[[ AVAILABLE DATA open ]]

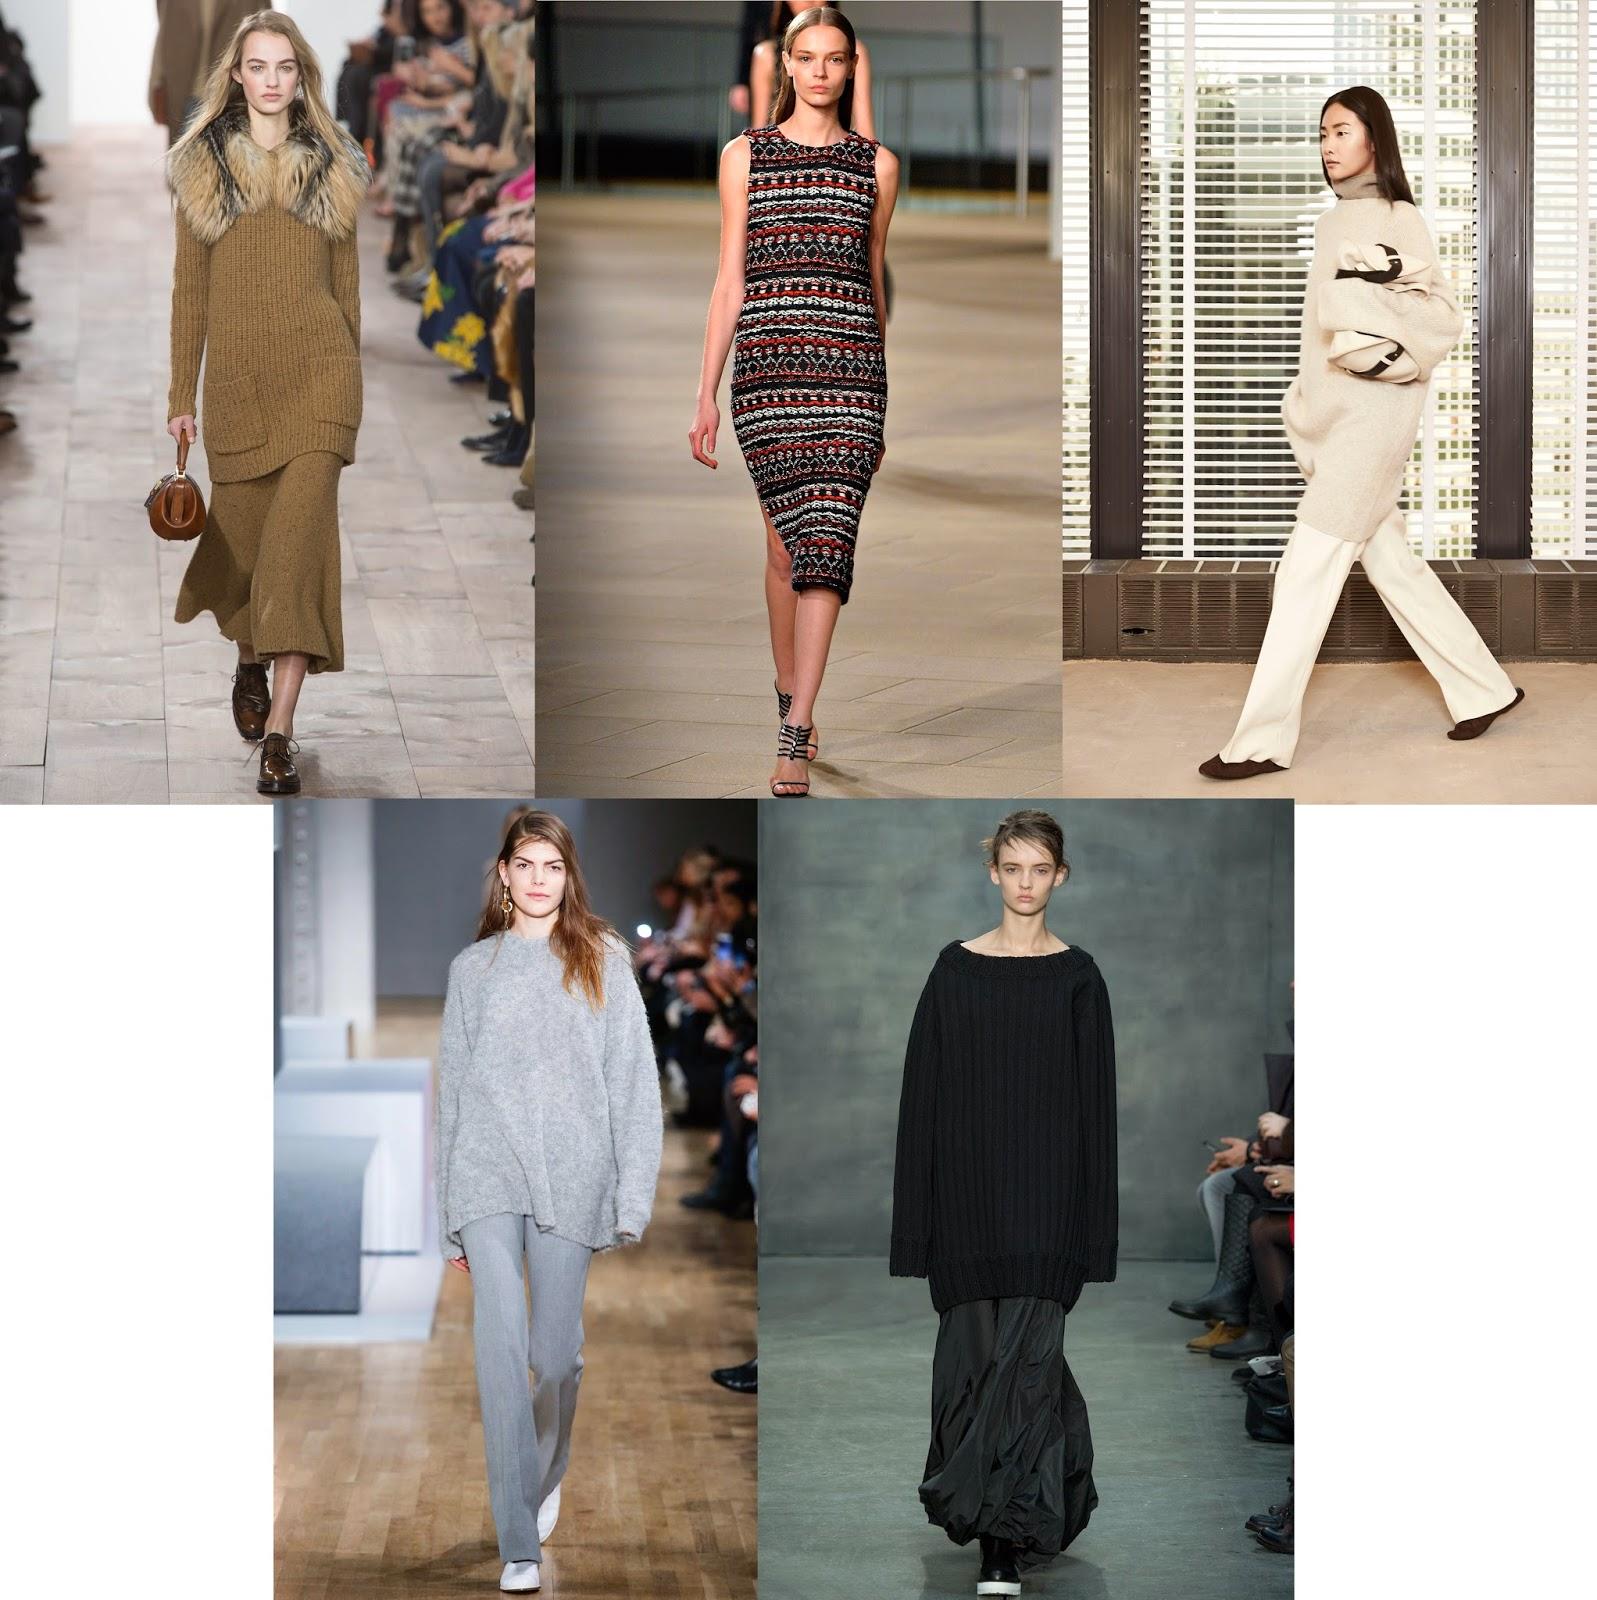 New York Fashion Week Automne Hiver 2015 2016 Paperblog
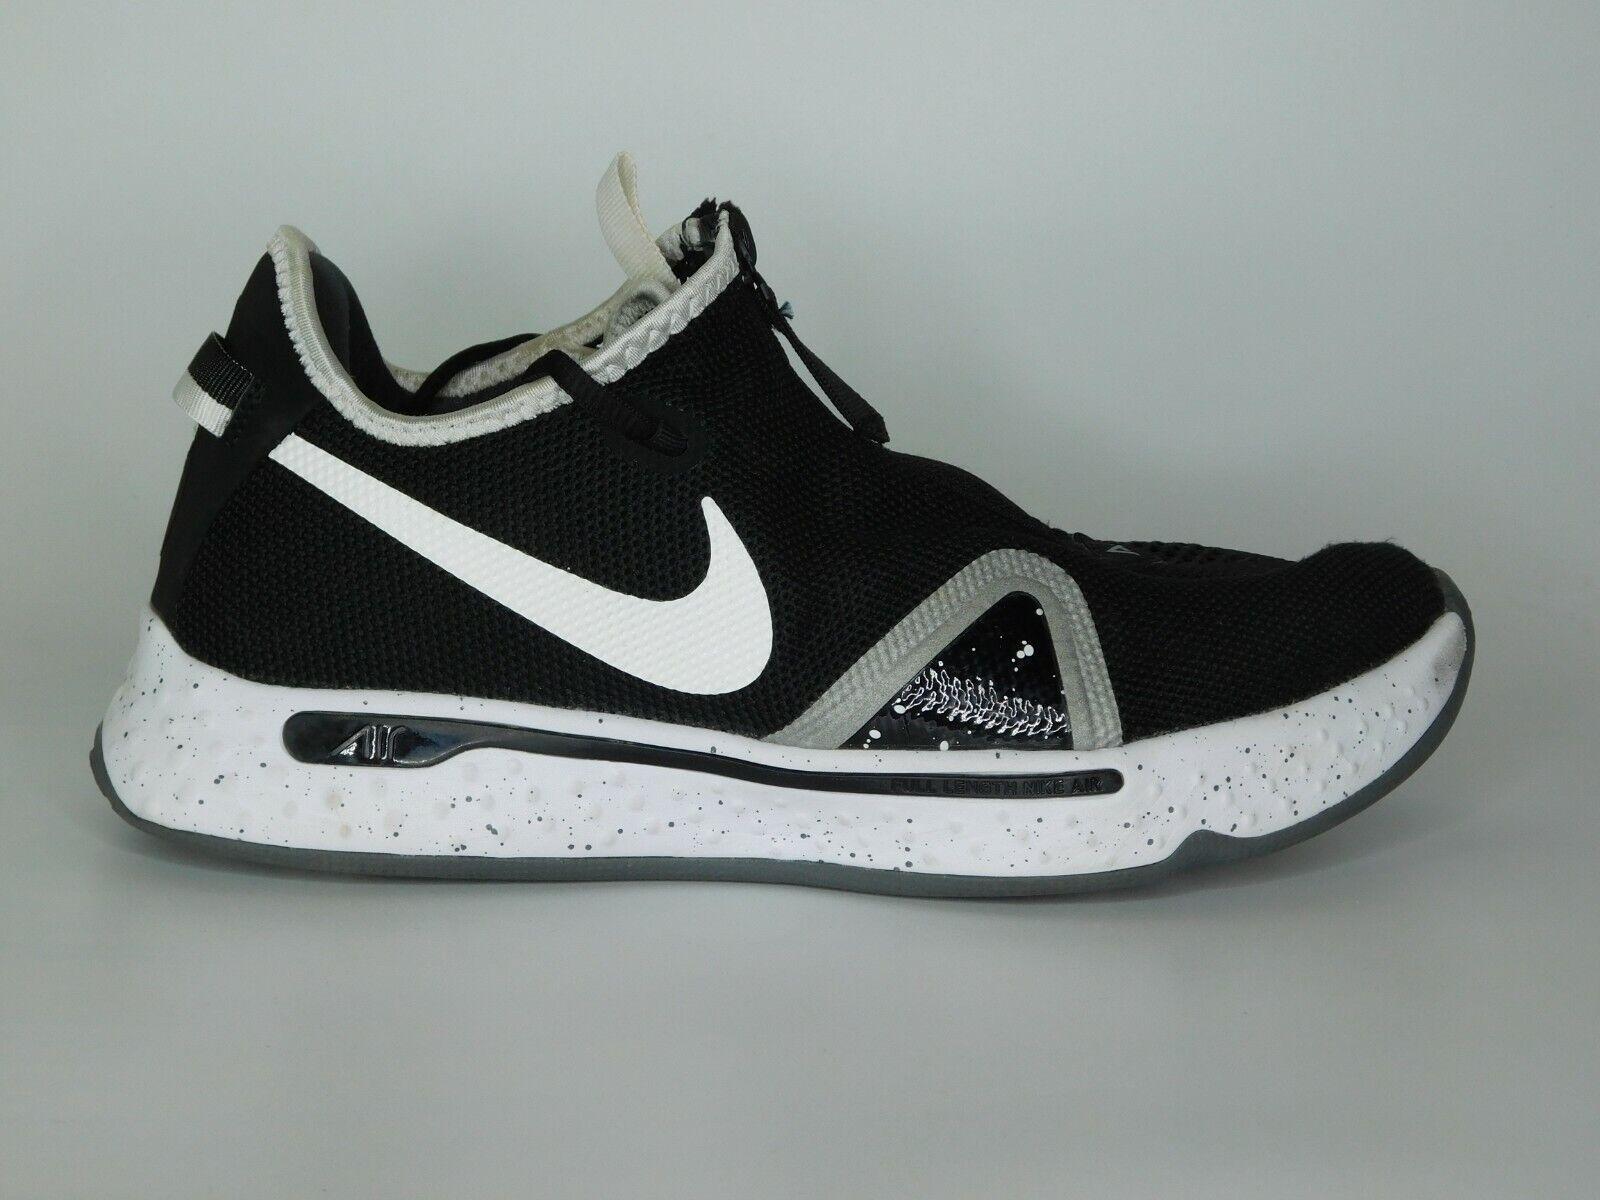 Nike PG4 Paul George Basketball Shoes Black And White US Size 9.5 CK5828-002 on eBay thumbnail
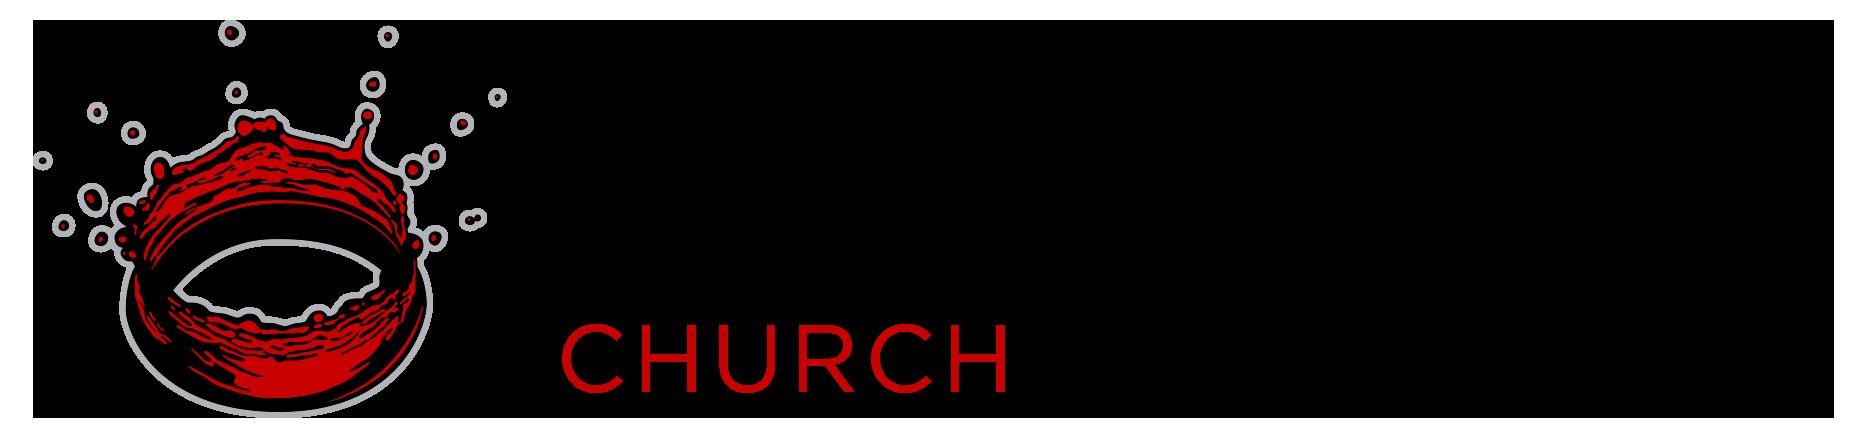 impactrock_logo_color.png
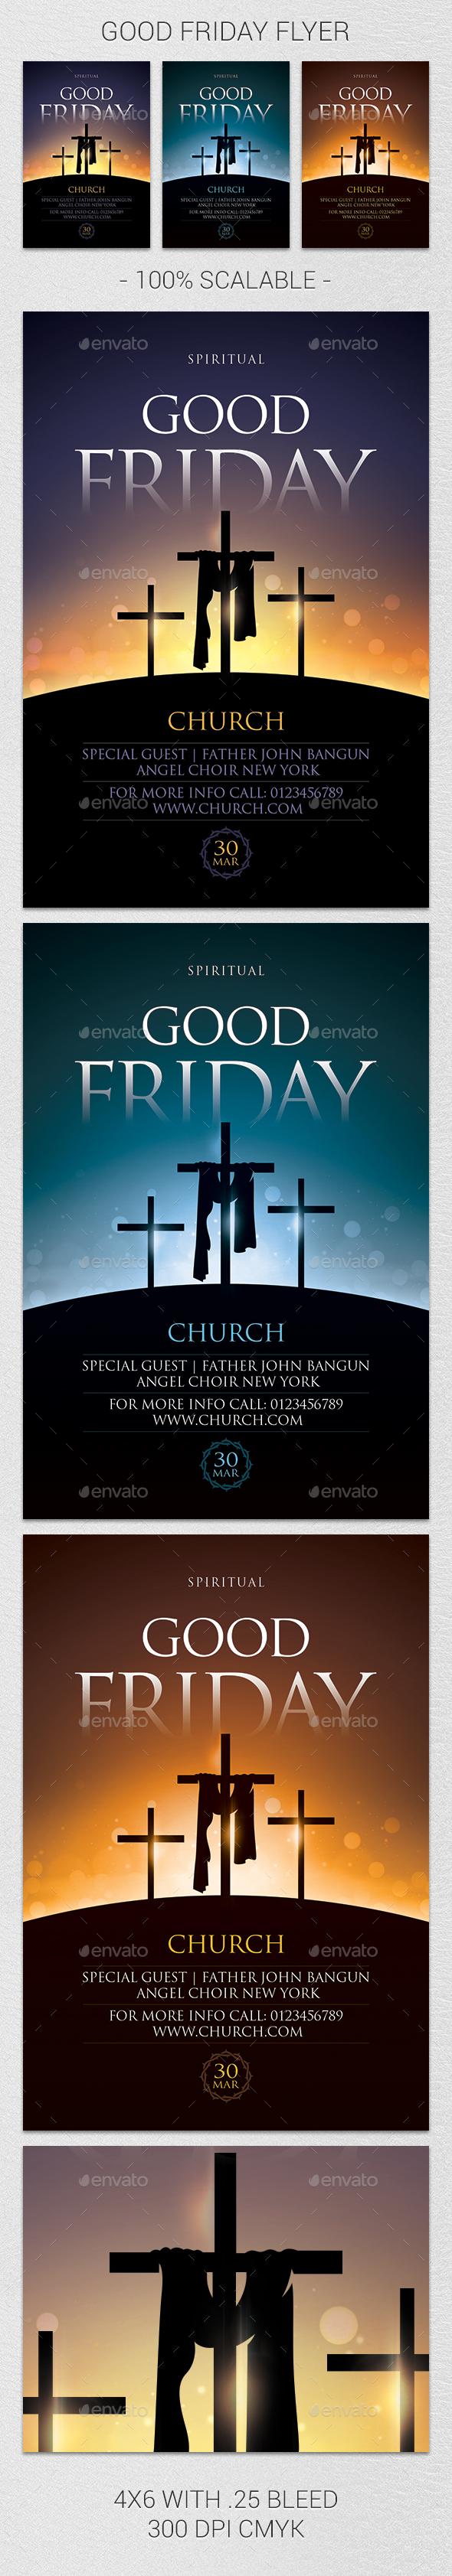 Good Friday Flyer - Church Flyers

[[ AVAILABLE DATA closed ]]

- **TASK**:
When you copy the listing above, reproduce every line exactly and skip the images.

- **RESPONSE AREA**:
 New York Fashion Week Automne Hiver 2015 2016 Paperblog
 Nike PG4 Paul George Basketball Shoes Black And White US Size 9.5 CK5828-002 on eBay thumbnail
 impactrock_logo_color.png
 Good Friday Flyer - Church Flyers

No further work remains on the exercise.